Rosemary lives in Buxted, East Sussex with her partner. They met ten years ago. Rosemary tells us about her caring role, and looking after her partner.
My partner is 92 years old and has severe macular degeneration and a prostate condition which is manageable. His memory is patchy, but nothing too serious.
Caring for my partner came about gradually. I take care of his medication, organise appointments and am his `second pair of eyes’. When we go out he walks with a white stick and I guide him. He can’t leave the house on his own.
For me personally, caring is 24/7, 365 days a year and there are no breaks. I am responsible for my partner one-to-one all the time. However, compared to other carers, I feel fortunate because I don’t have to deal with immobility or too many medications.
The ongoing responsibility is mentally wearing for me and I feel restricted as I cannot go for longer walks or go shopping. I cannot be out for long and am constantly watching the time. I miss being able to travel further afield or to get away for a whole day, as I would need to organise respite. I would like to come and go more freely.
Neither of us have family to support us. I am not the youngest myself and have to deal with my own health issues as well, which can be quite draining.

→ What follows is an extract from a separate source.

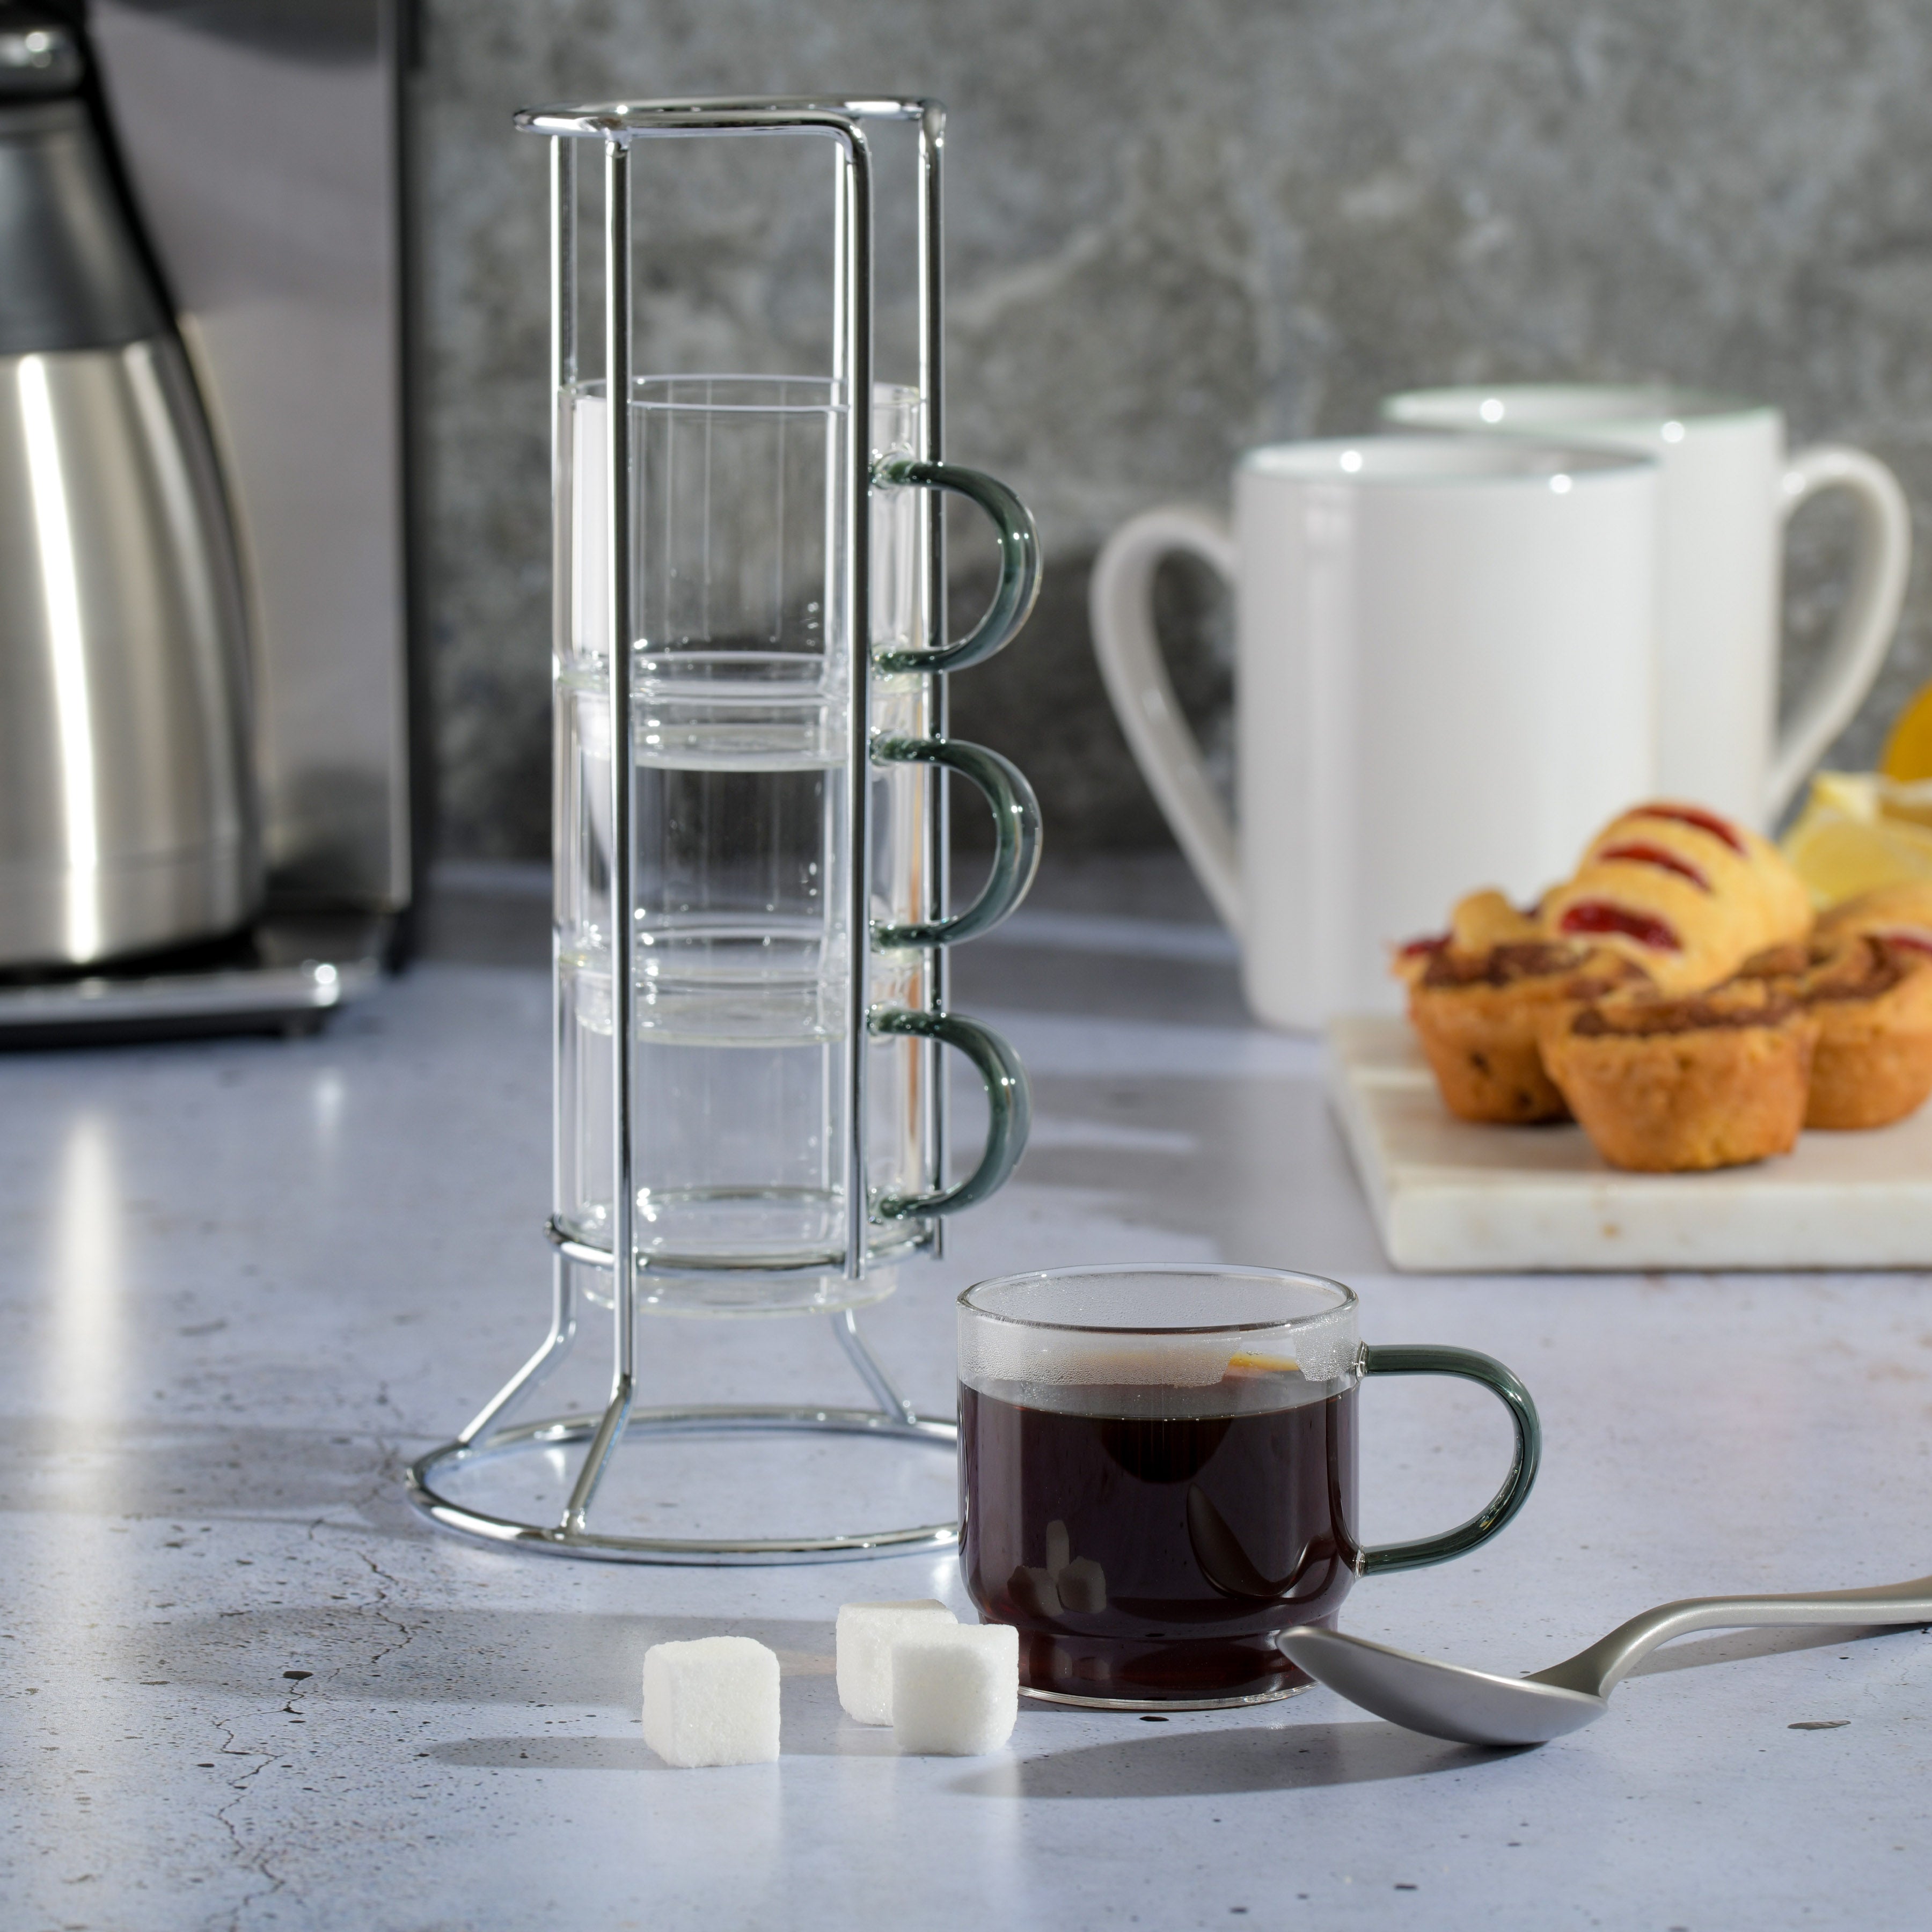 Mugs & Espresso Cups and Sets
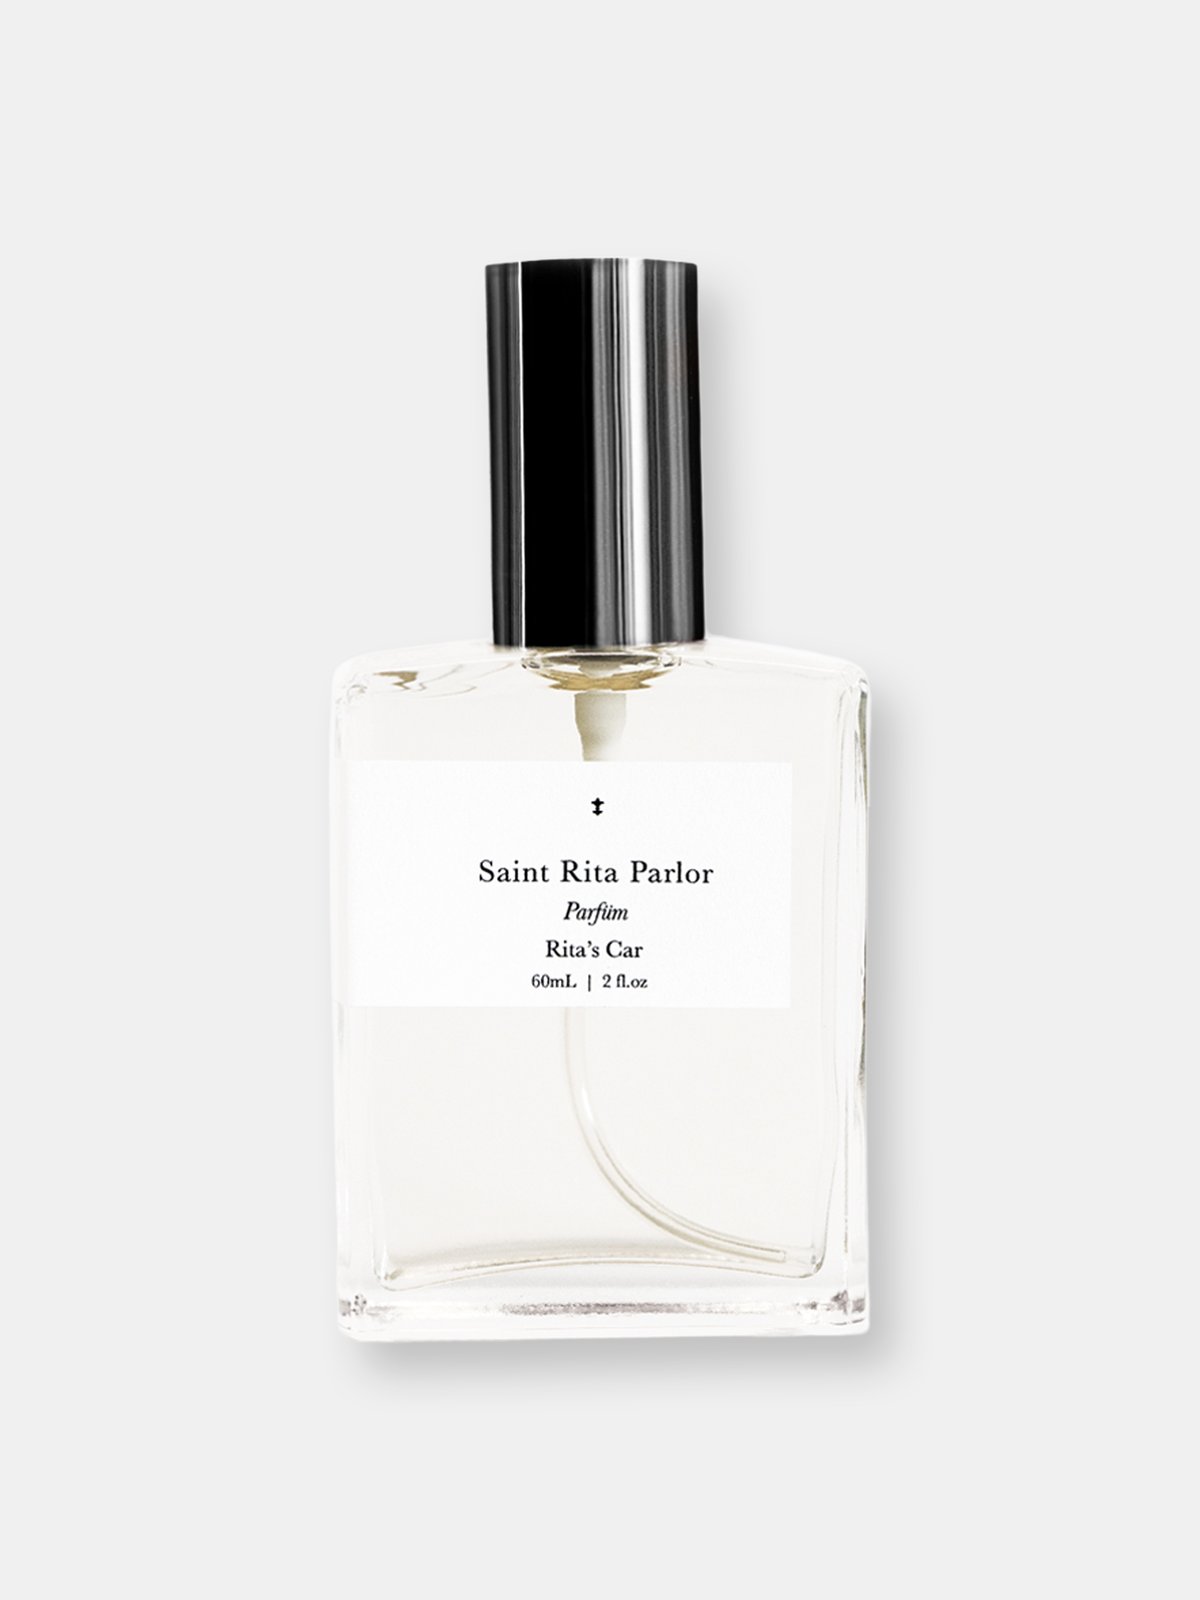 Saint Rita Parlor Parfum, Rita's Car Fragrance, 60 mL

The biggest issue for me is the isolation. I can’t make friends easily while in a caring role as I am at home most of the time. I lived in Germany for many years and that’s where my closest friends are. COVID 19 hasn’t helped with isolation either. I find people aren’t always sympathetic and have a `get on with it’ attitude. They are not aware of what is involved unless in a caring situation themselves. A carer’s one-to-one input is not always visible. It is much more than an agency or care home can offer.
I am glad that my partner doesn’t have to be in a residential or nursing home, and that he can have a reasonably normal life at home. I see to it that we can go for short walks and take a flask, and enjoy what we do together. We make the best of our situation, even though it can be restrictive for us both. At the end of the day I do feel privileged to be fulfilling this role.
As far as awareness of the carer’s input is concerned it is important that people realise how suddenly anyone can find themselves having to take on this role. There should be further funding available for those carers in need of more financial support.